▶ **Extracted entries**:
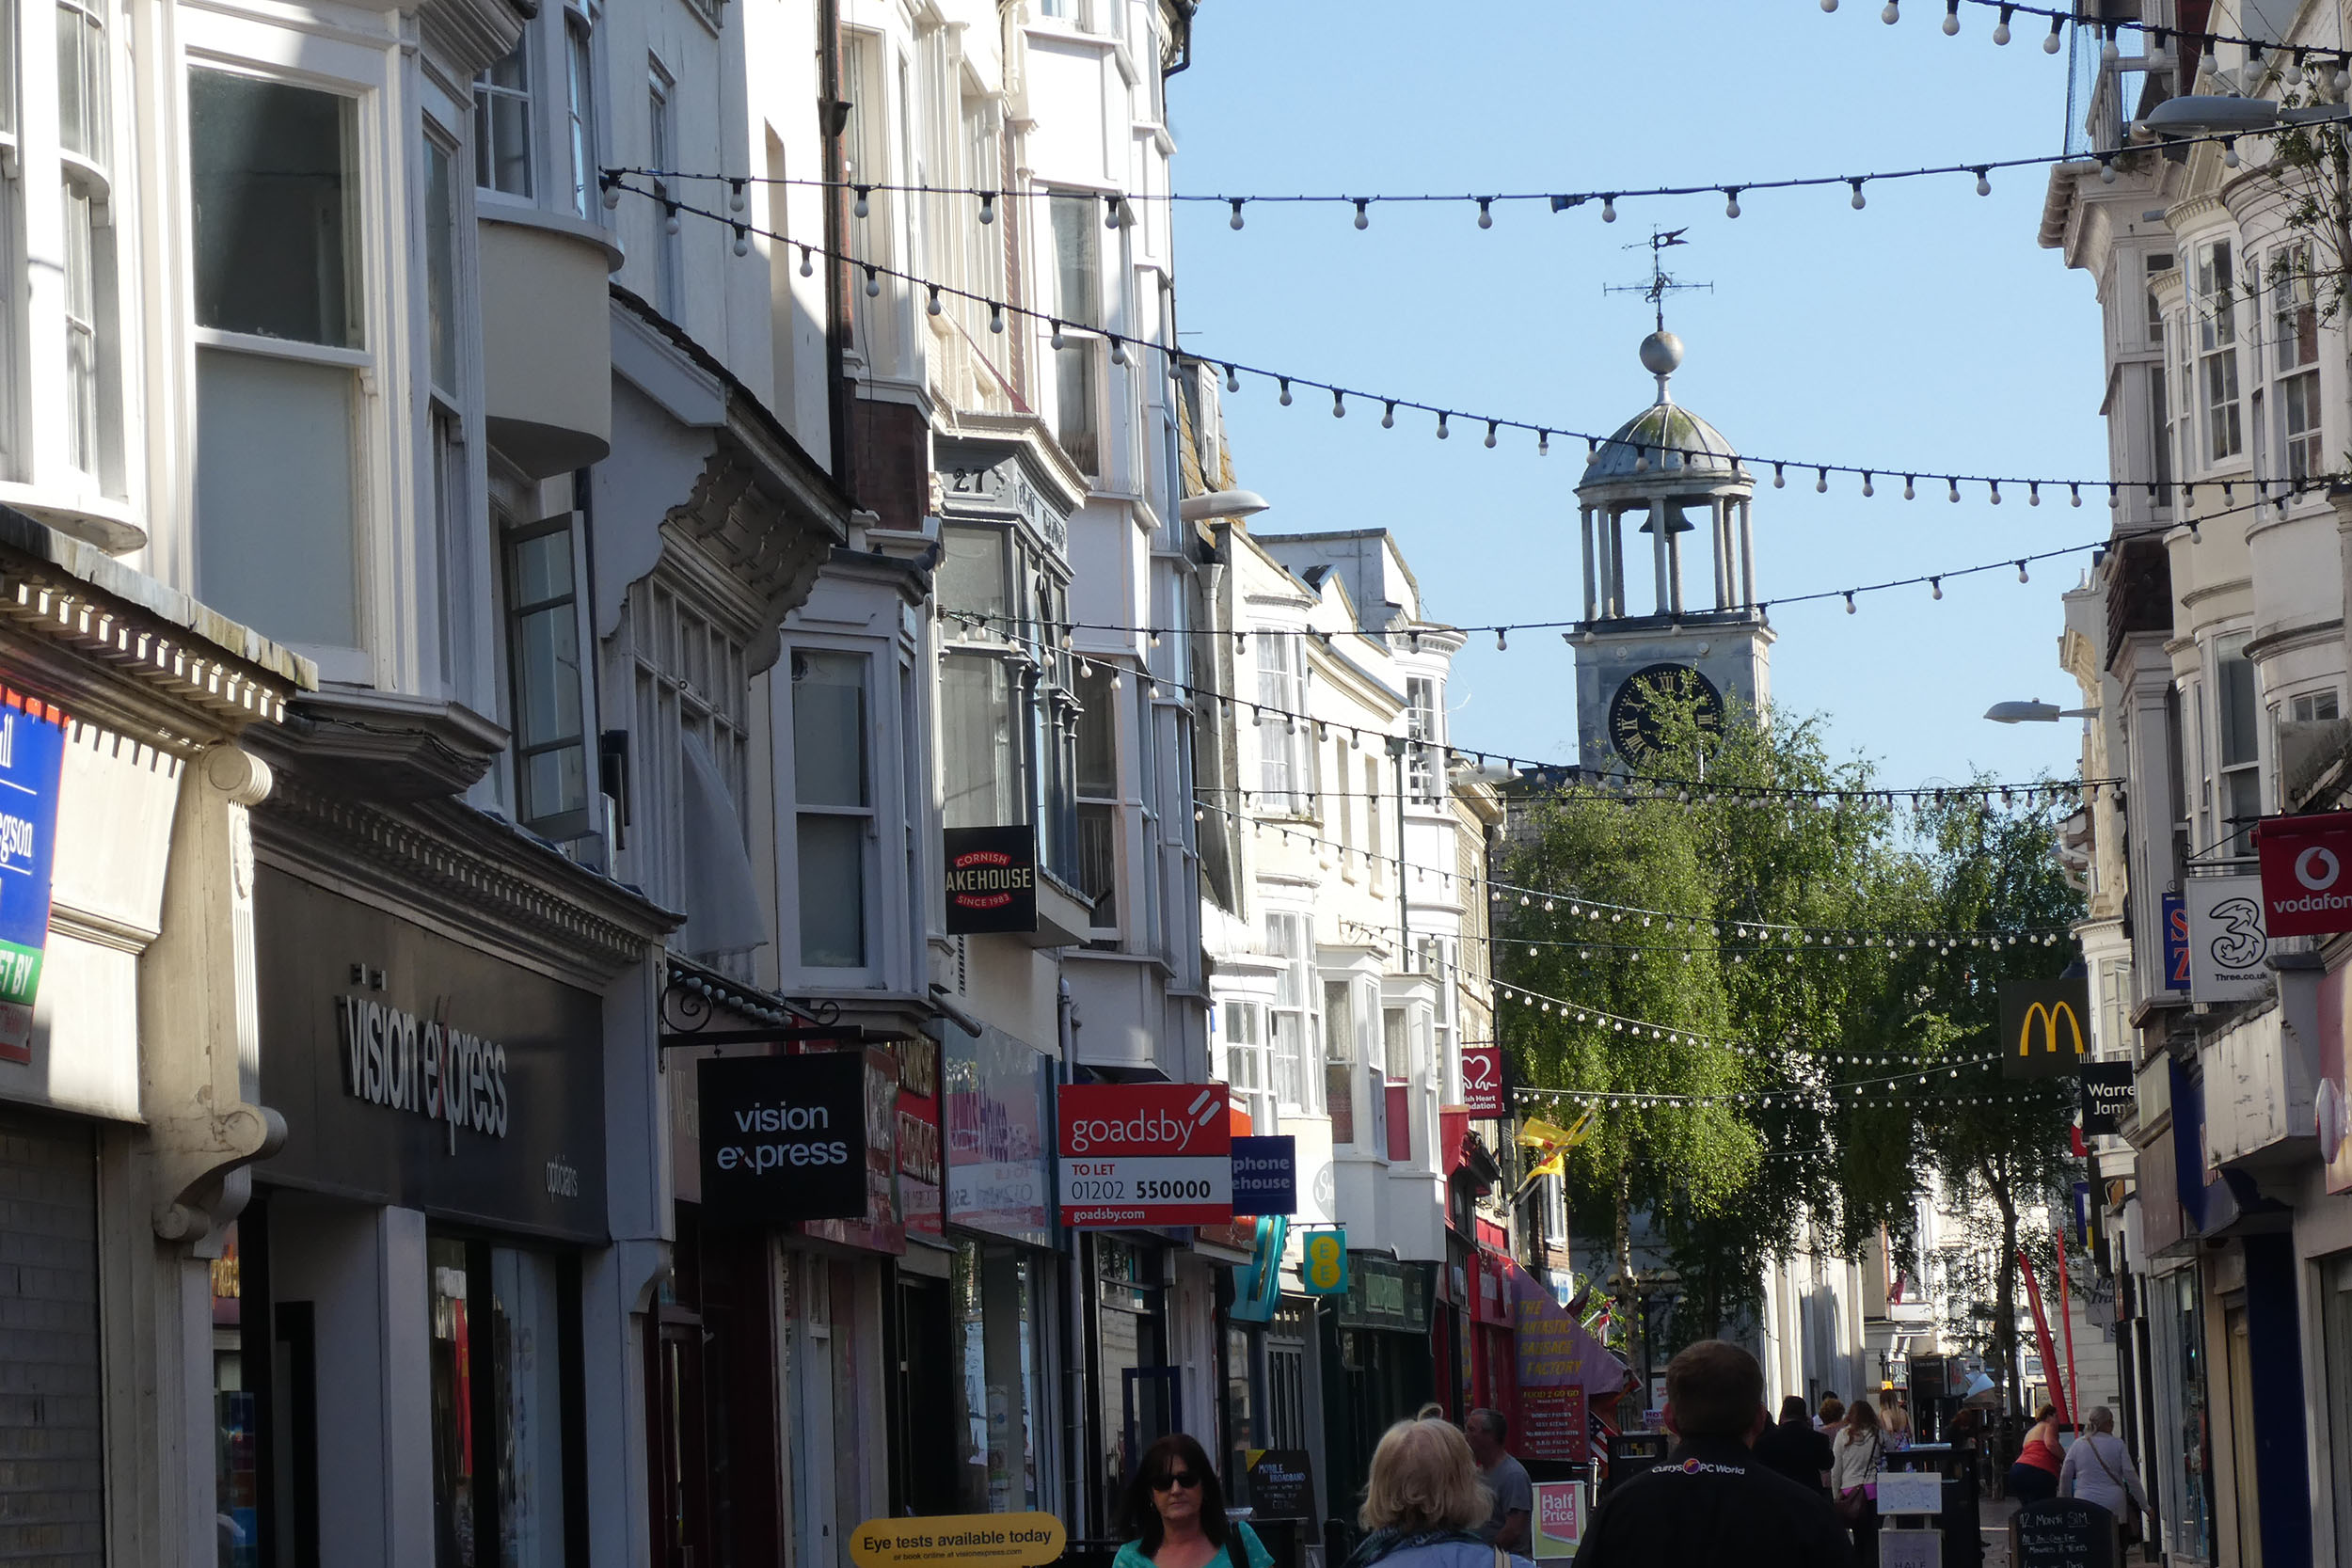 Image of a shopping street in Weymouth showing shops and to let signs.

* * *

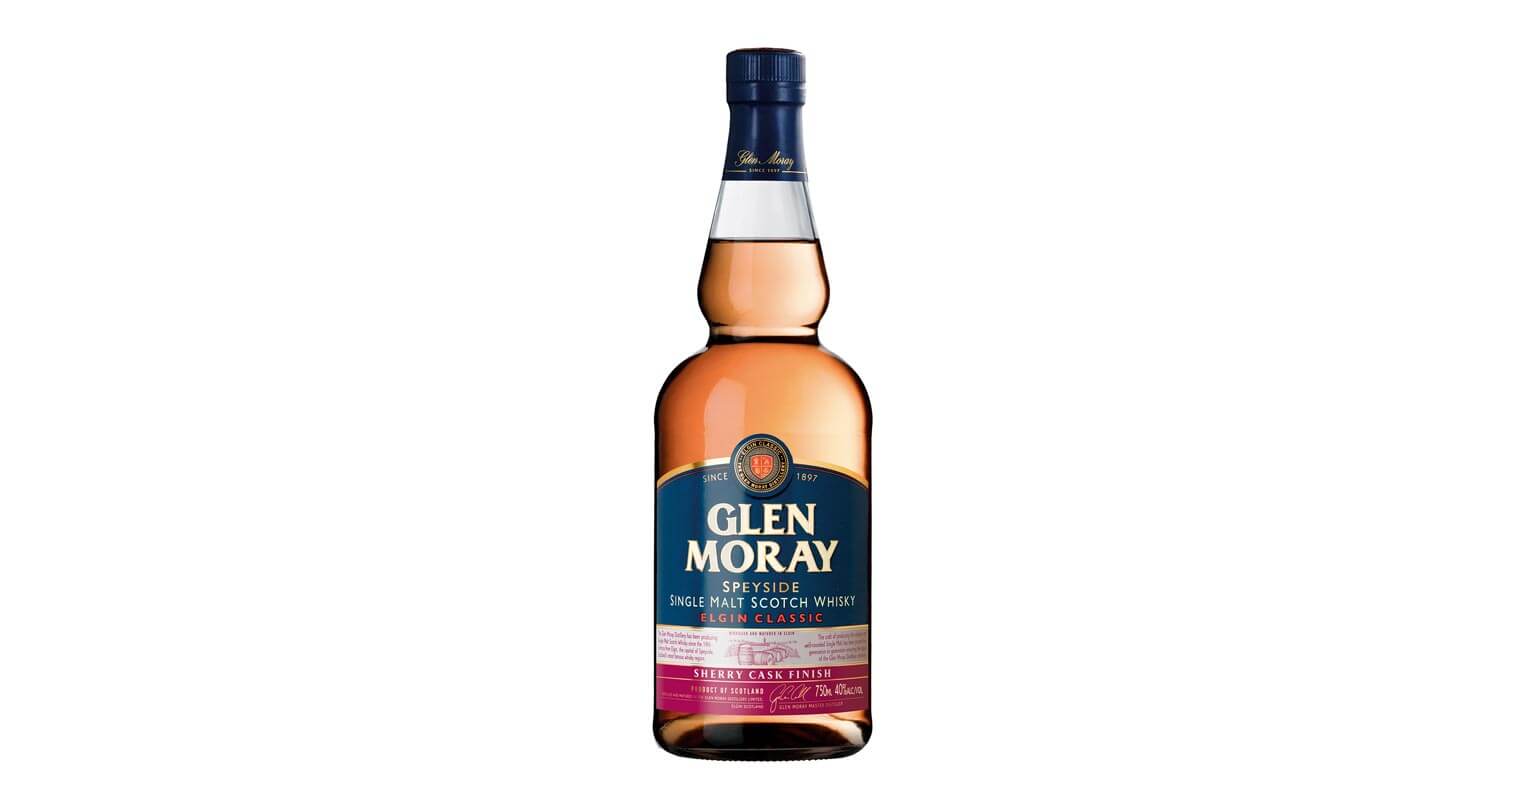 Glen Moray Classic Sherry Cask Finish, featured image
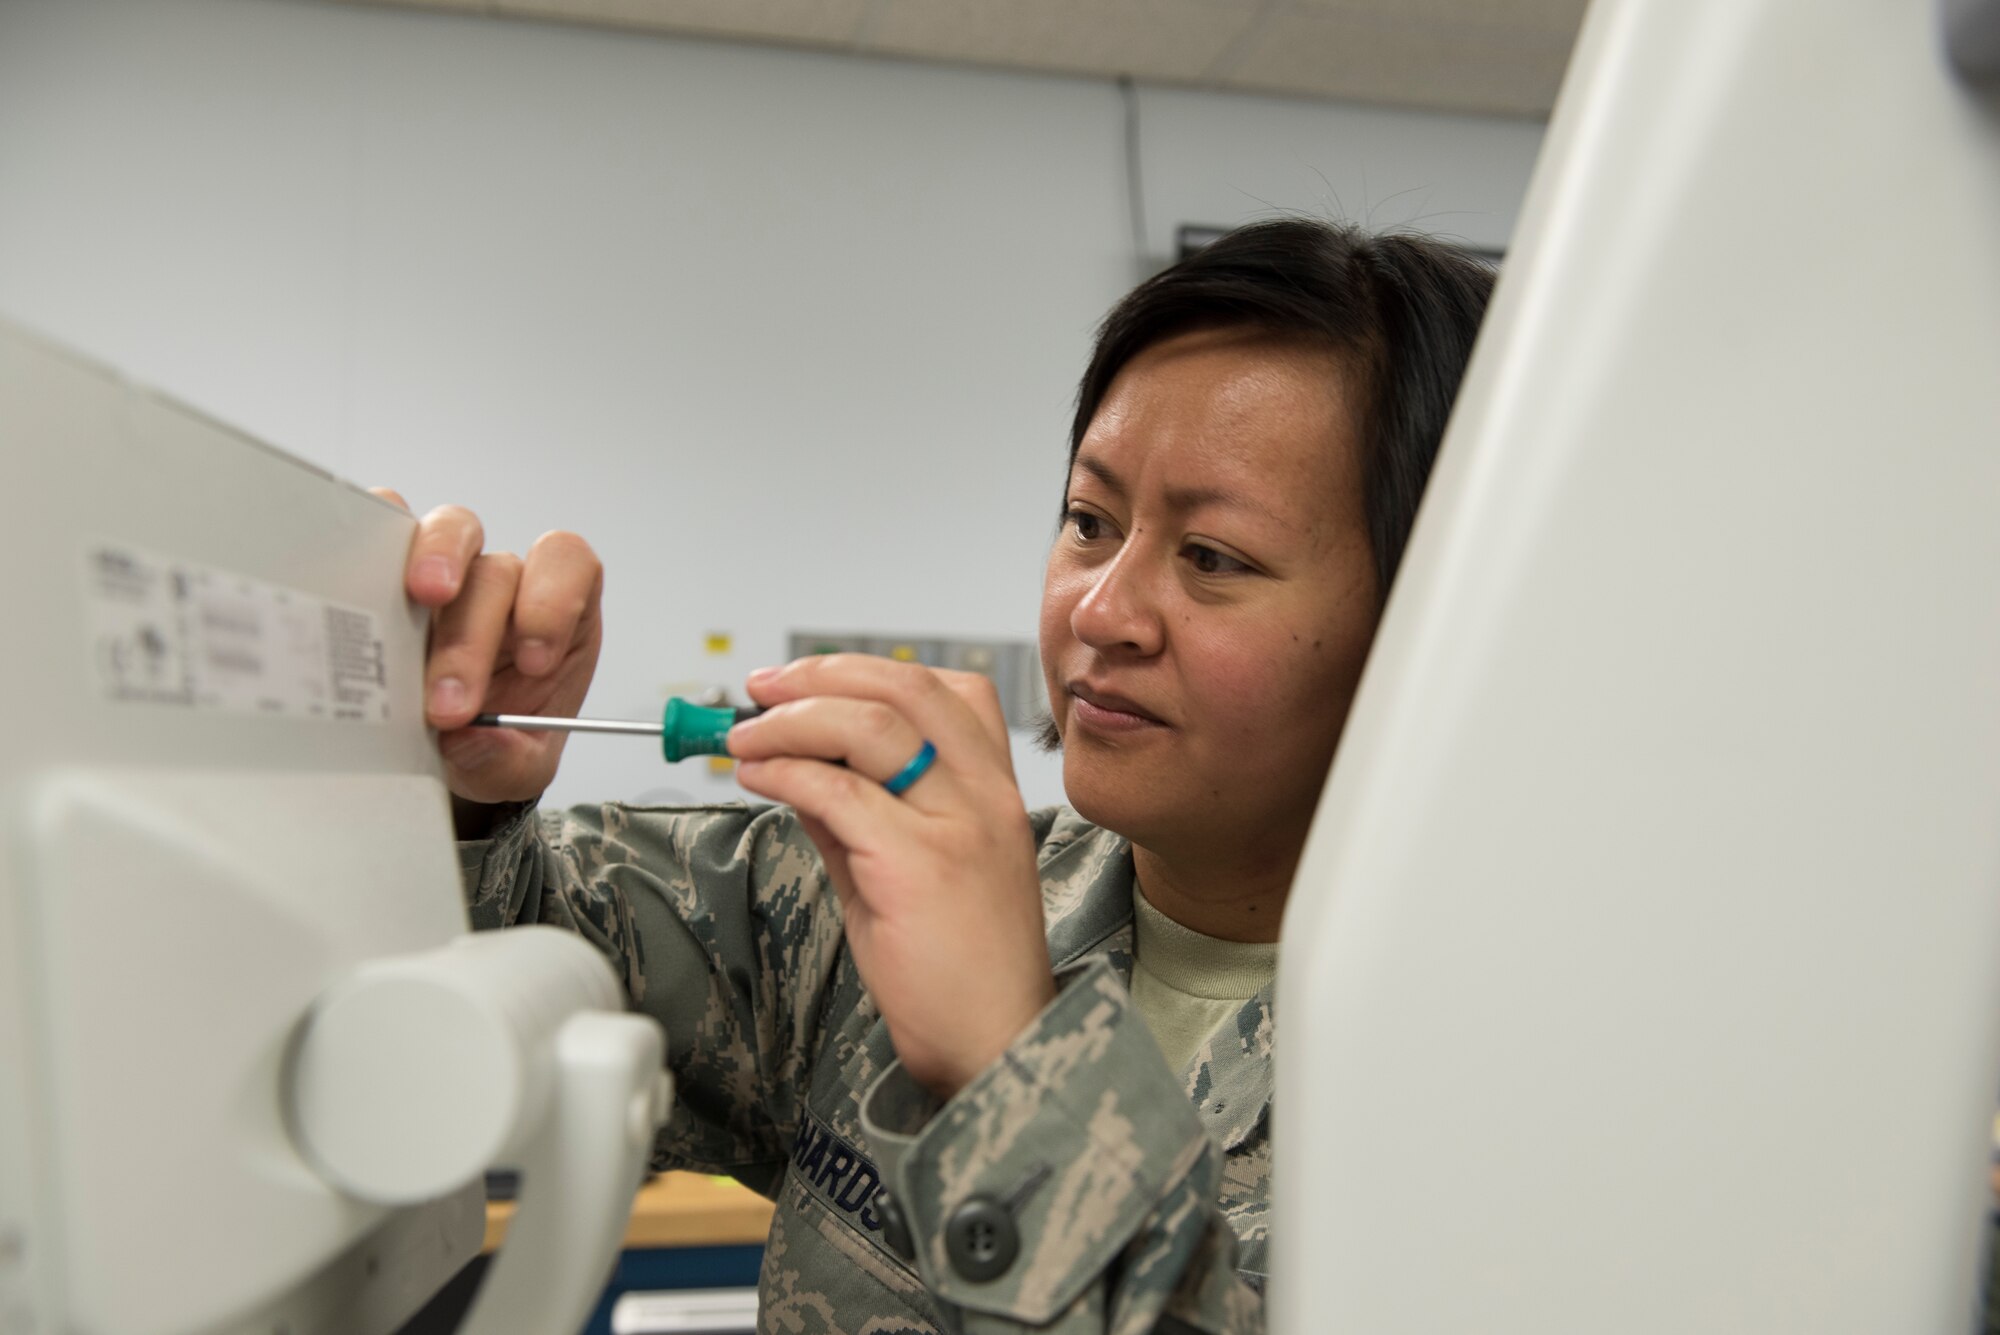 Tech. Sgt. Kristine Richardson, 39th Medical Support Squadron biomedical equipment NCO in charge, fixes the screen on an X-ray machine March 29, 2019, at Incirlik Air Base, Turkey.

* * *

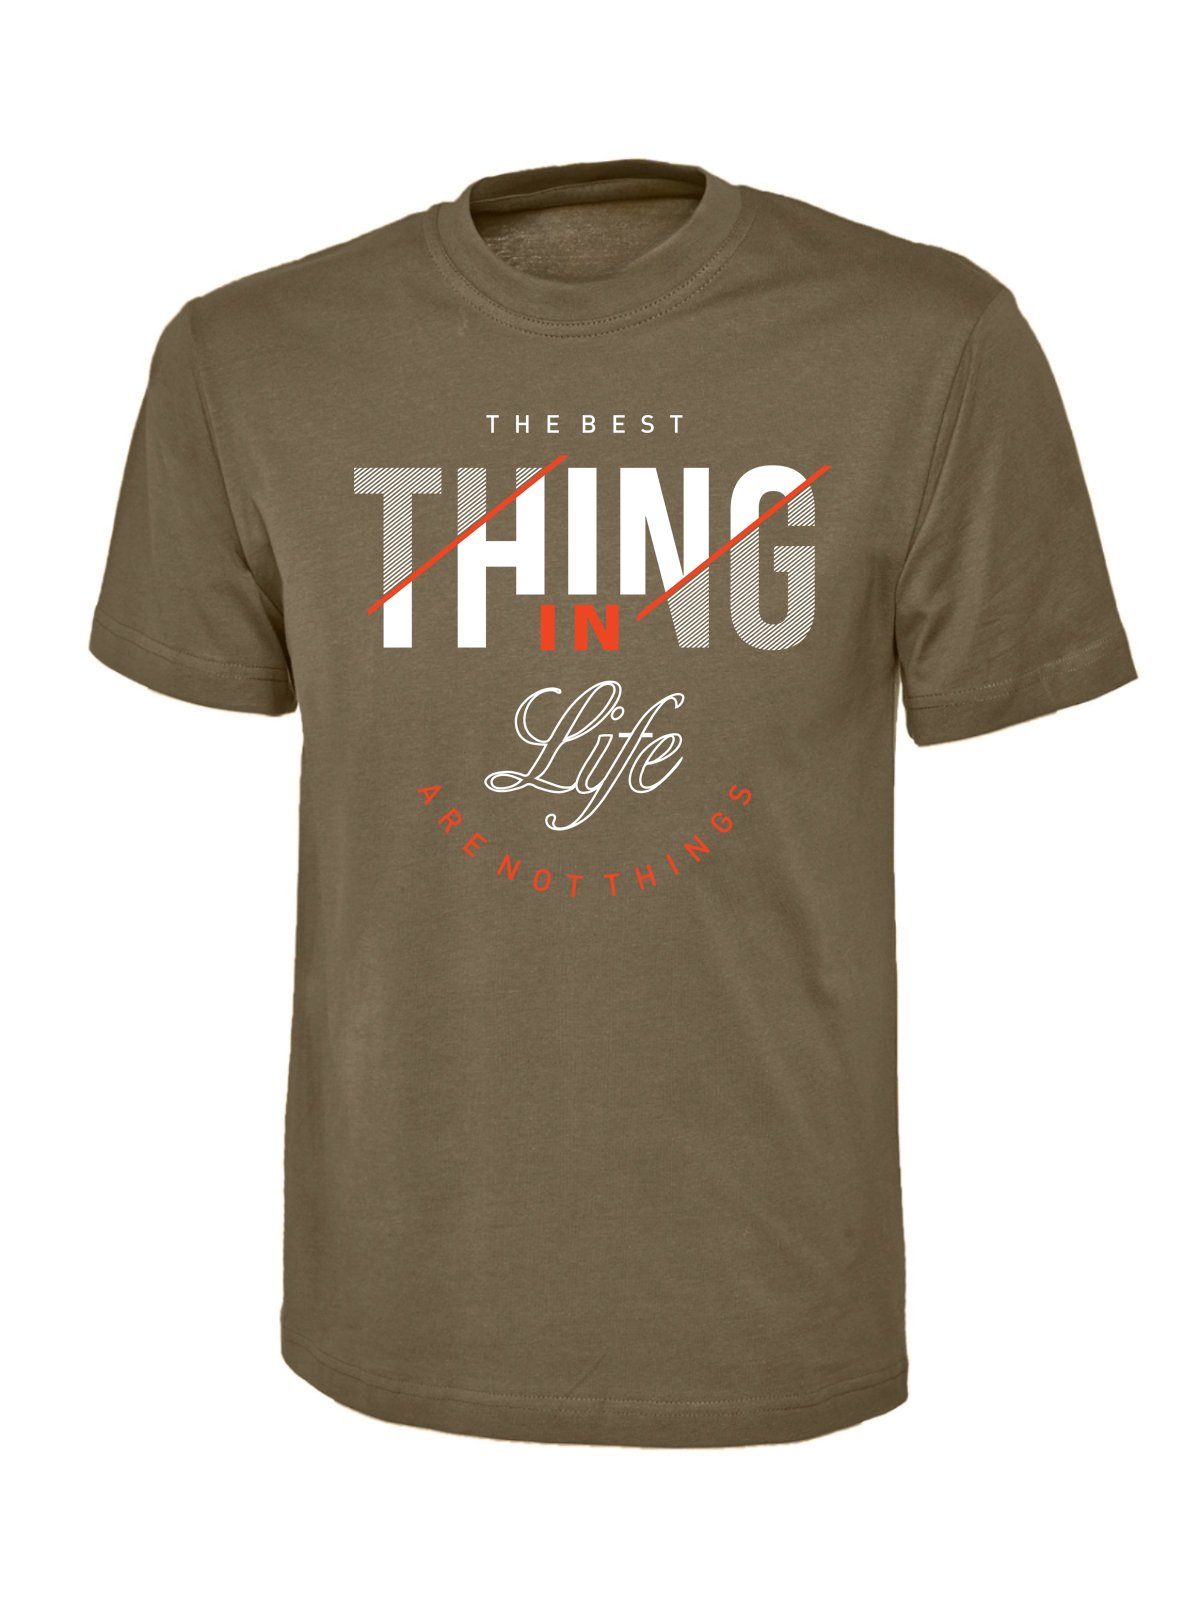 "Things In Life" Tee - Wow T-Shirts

▶ **The task**:
Both boundary lines included, write out word for word only the lines above from the one containing "Glen Moray Classic" to the one containing "Tech. Sgt. Kristine", leaving out any pictures.

▶ **Exercise answer**:
 Glen Moray Classic Sherry Cask Finish, featured image
 Tech. Sgt. Kristine Richardson, 39th Medical Support Squadron biomedical equipment NCO in charge, fixes the screen on an X-ray machine March 29, 2019, at Incirlik Air Base, Turkey.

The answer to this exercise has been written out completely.